▸ Required work:
Give again, exactly as written, the lines of the records below from the line with "Samsung partnered with Xilinx" to the line with "Stethoscope, Laptop And Folder: Stock Photos". Both end lines count; pictures do not.

▸ Supplied information:
**********

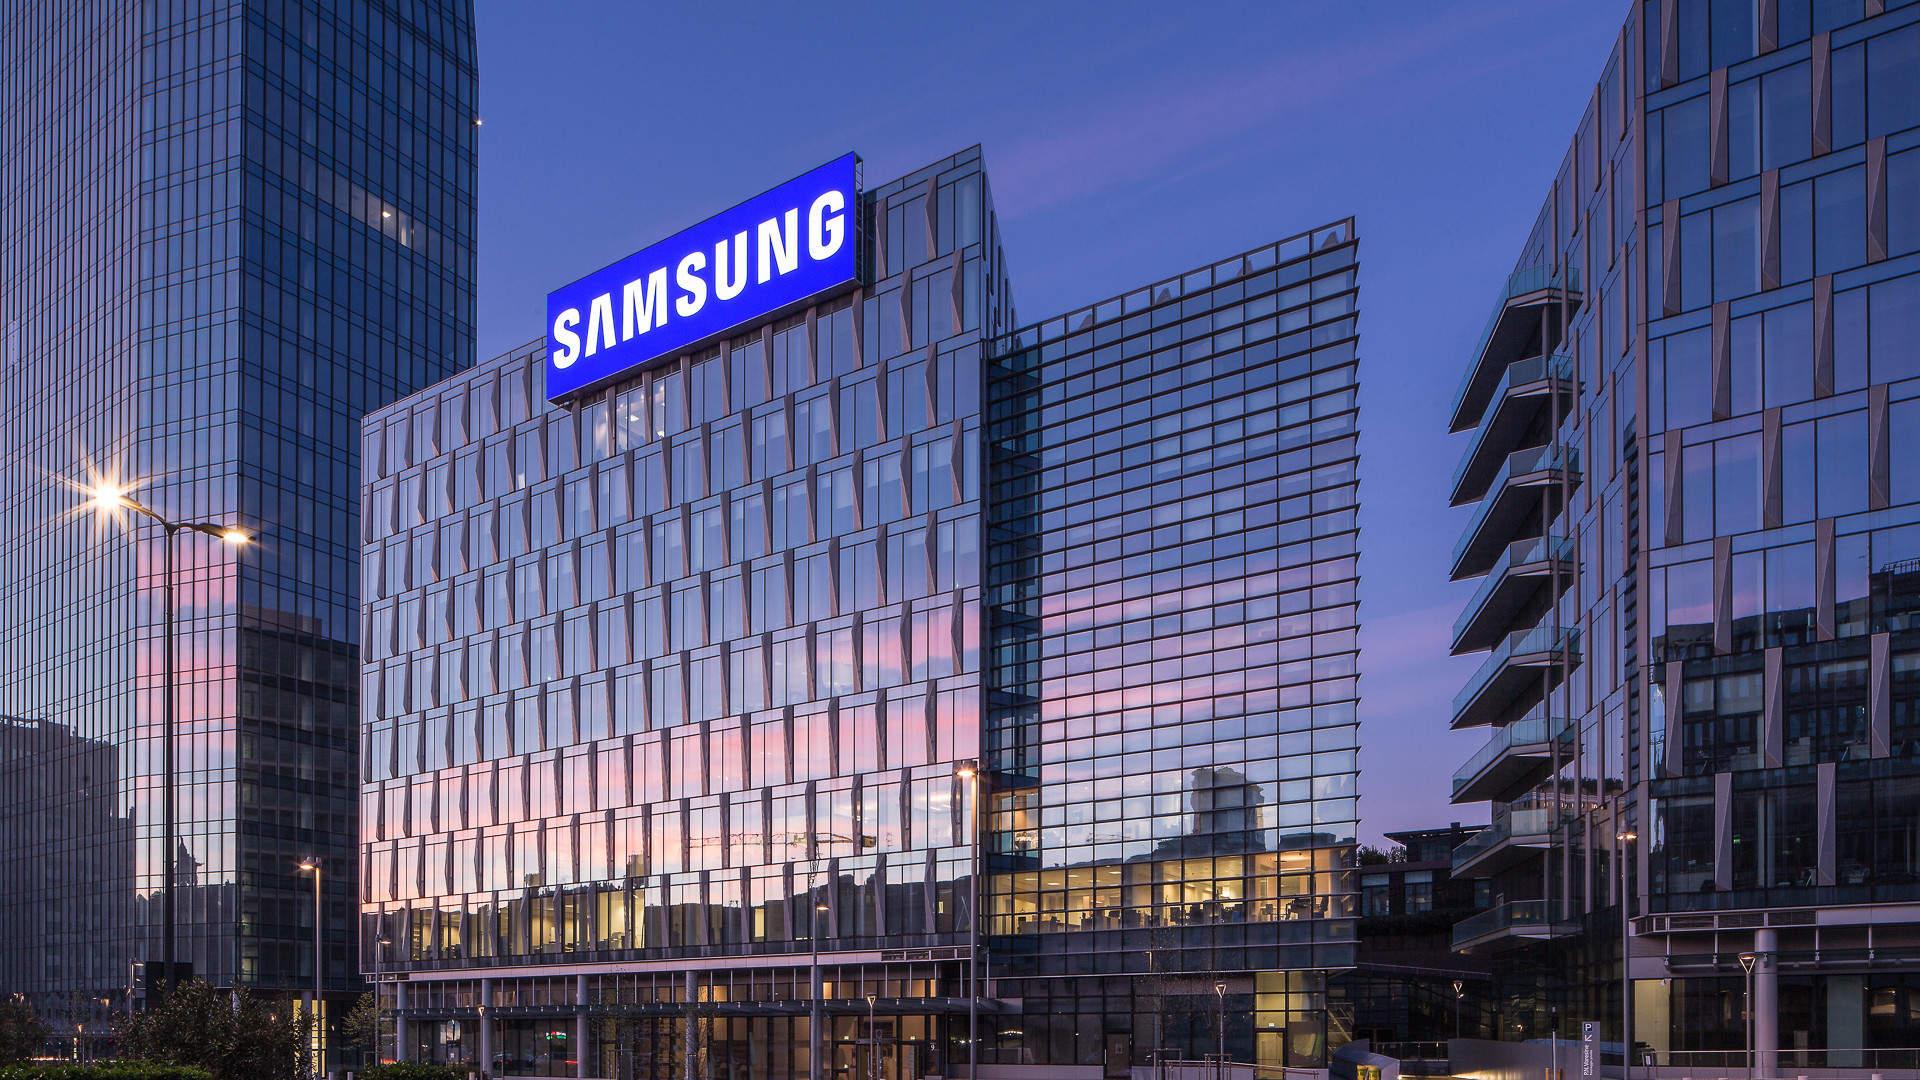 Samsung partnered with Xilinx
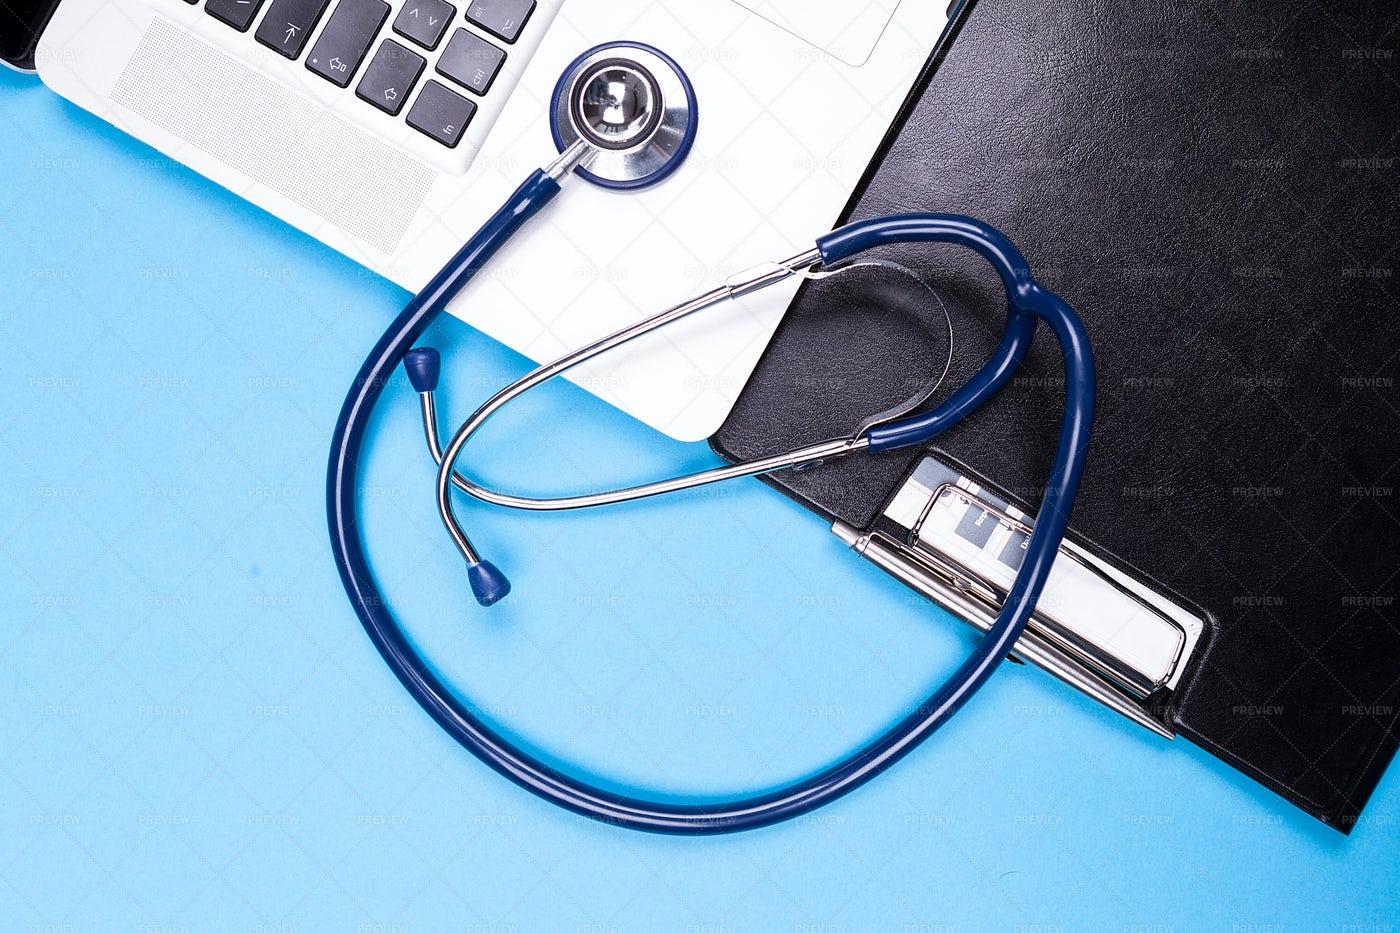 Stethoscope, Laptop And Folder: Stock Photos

**********

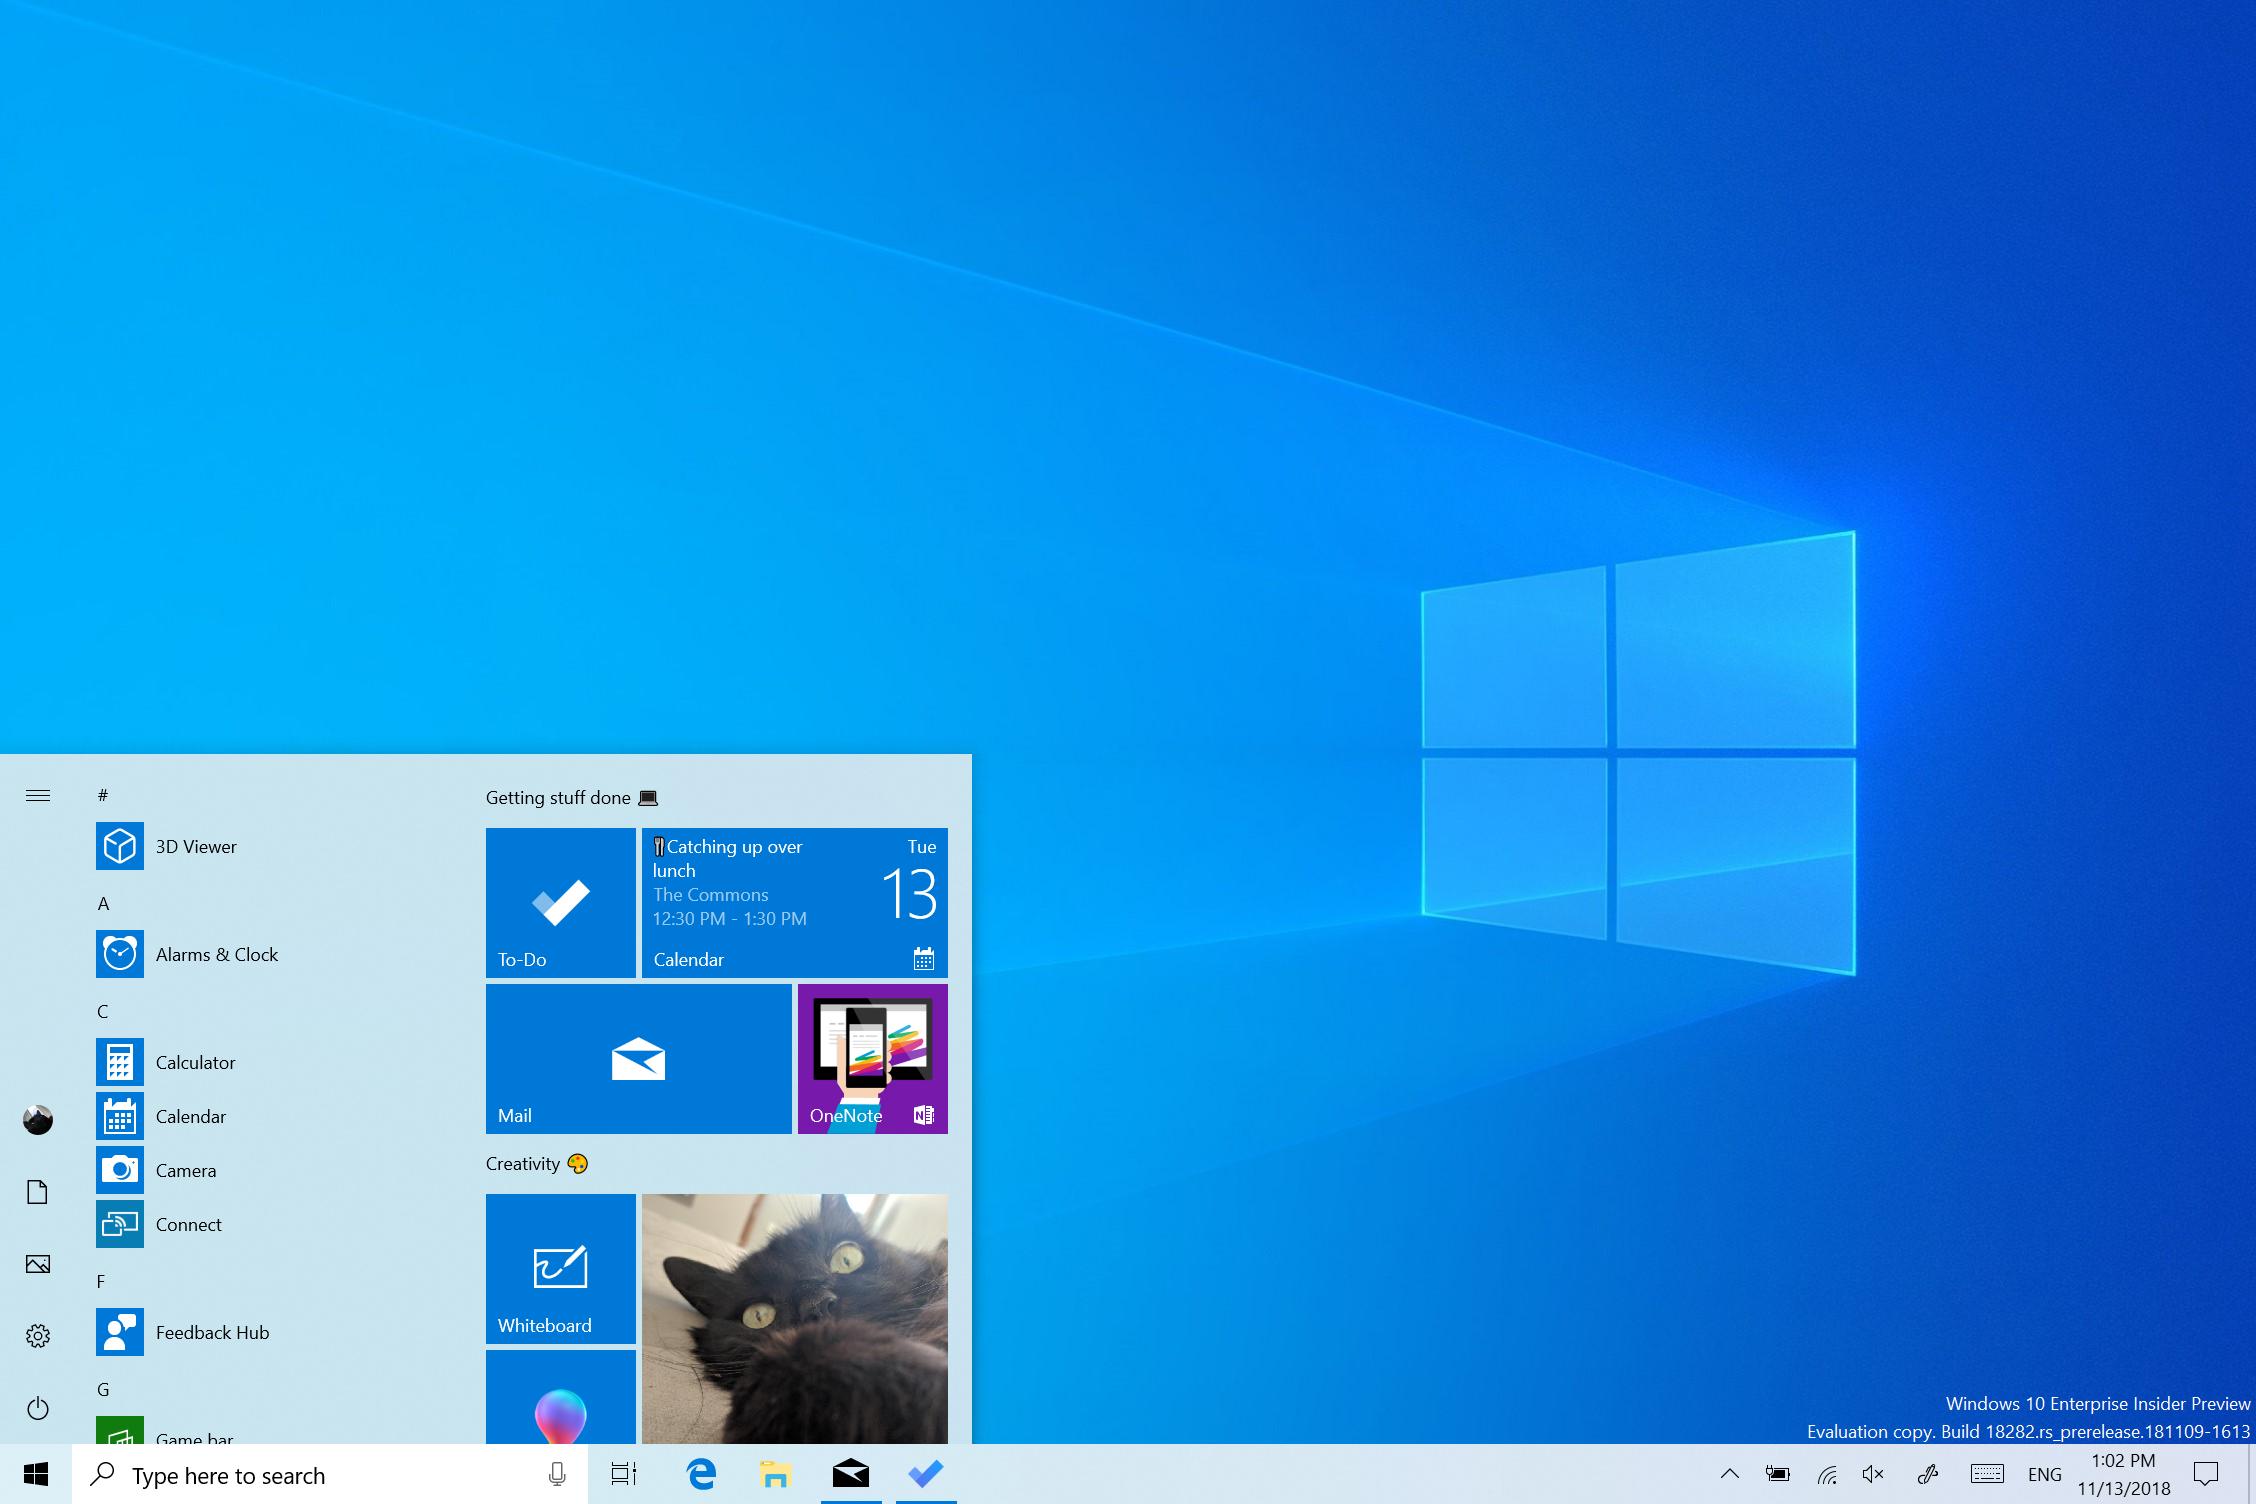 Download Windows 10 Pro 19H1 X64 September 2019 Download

**********

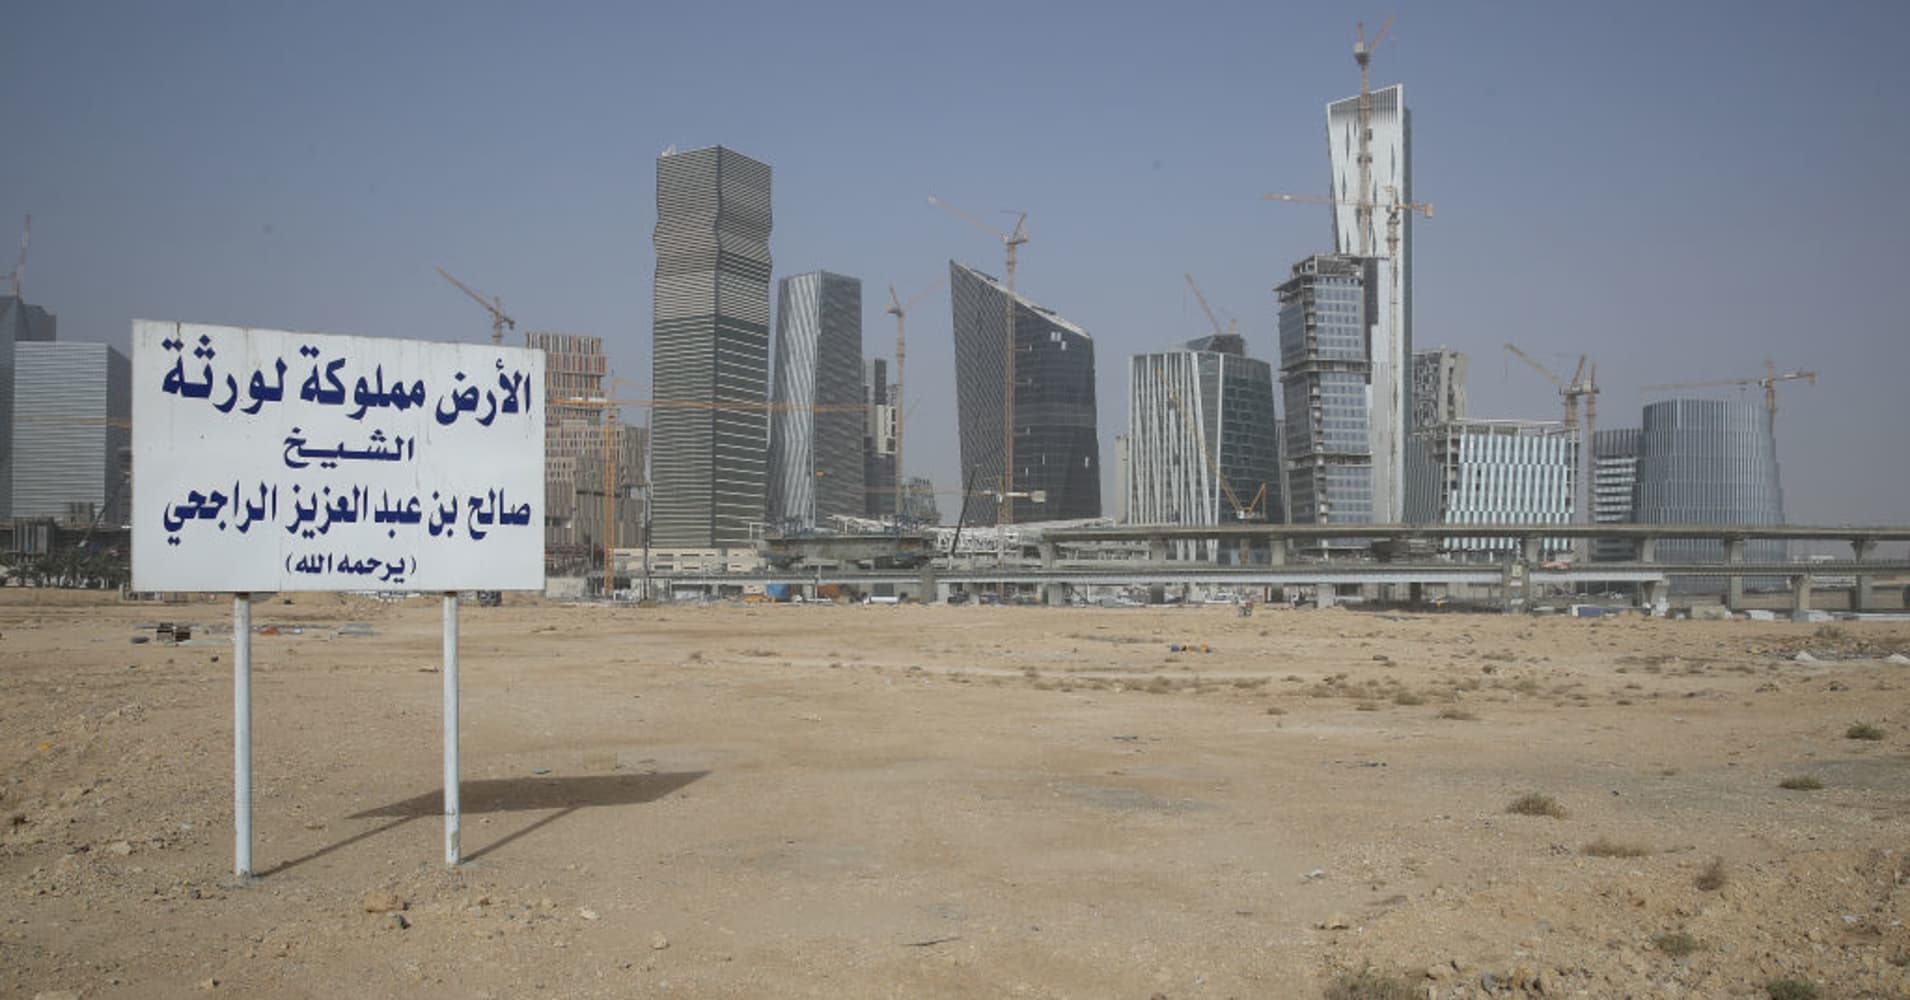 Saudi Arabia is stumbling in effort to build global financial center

**********

▸ Expected output:
 Samsung partnered with Xilinx
 Stethoscope, Laptop And Folder: Stock Photos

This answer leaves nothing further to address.